Nice looking shop/raceway:thumbsup:


----------



## wheelszk (Jul 8, 2006)

There is a TKO track for sale in the FOR SALE section.


----------



## Grandcheapskate (Jan 5, 2006)

Slott V said:


> I'm excited because there aren't many slot places like this in my area. :thumbsup:


 You should be excited because there aren't many places like that --- ANYWHERE!!!

I can only imagine how much the rent or property taxes would be on a place that size here in NJ. It would make it impossible to own.

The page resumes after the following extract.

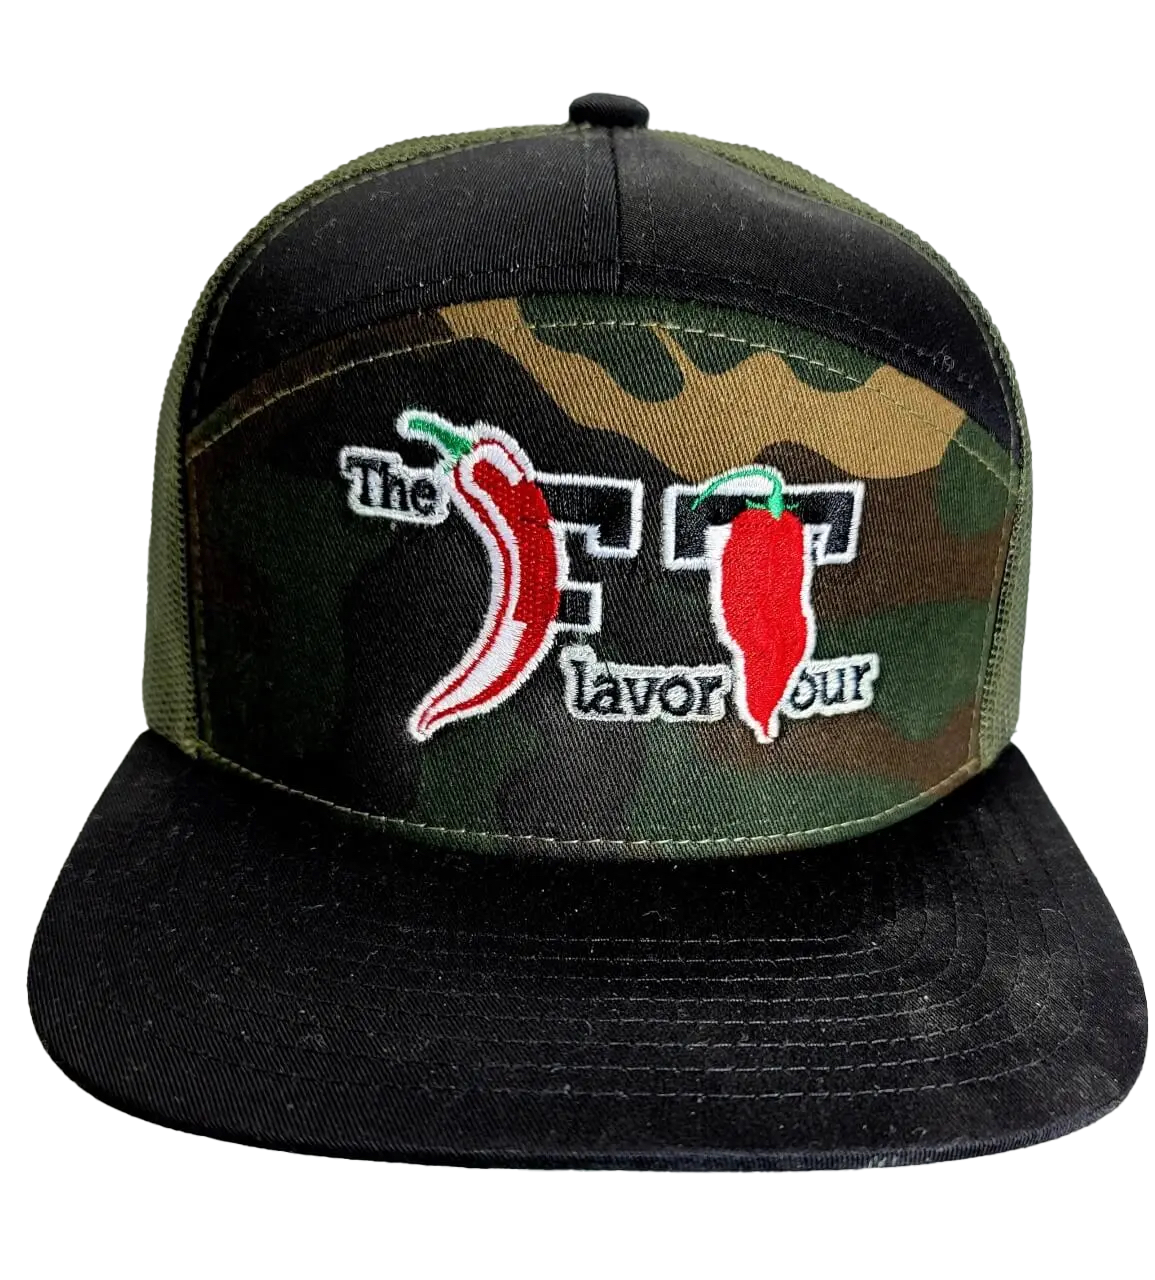 The Flavor Tour Hat

Now here's the big question. Does the place get busy on a regular basis?

Joe


----------



## Brian 1811 (Jan 17, 2009)

Looks like a nice place do you have a address to this place.

Thanks.


----------



## Slott V (Feb 3, 2005)

This is the first time I've set foot in the door so can't comment on how busy they get but judging by all the glue and rubber on the big tracks I'd say they race a lot. There were quite a few pit boxes sitting there for regulars. The guy must have a steady business based on the amount of retail he has there. When I commented on all the inventory he had he joked with me and said "Ya I don't pay myself, I just keep buying more stuff." 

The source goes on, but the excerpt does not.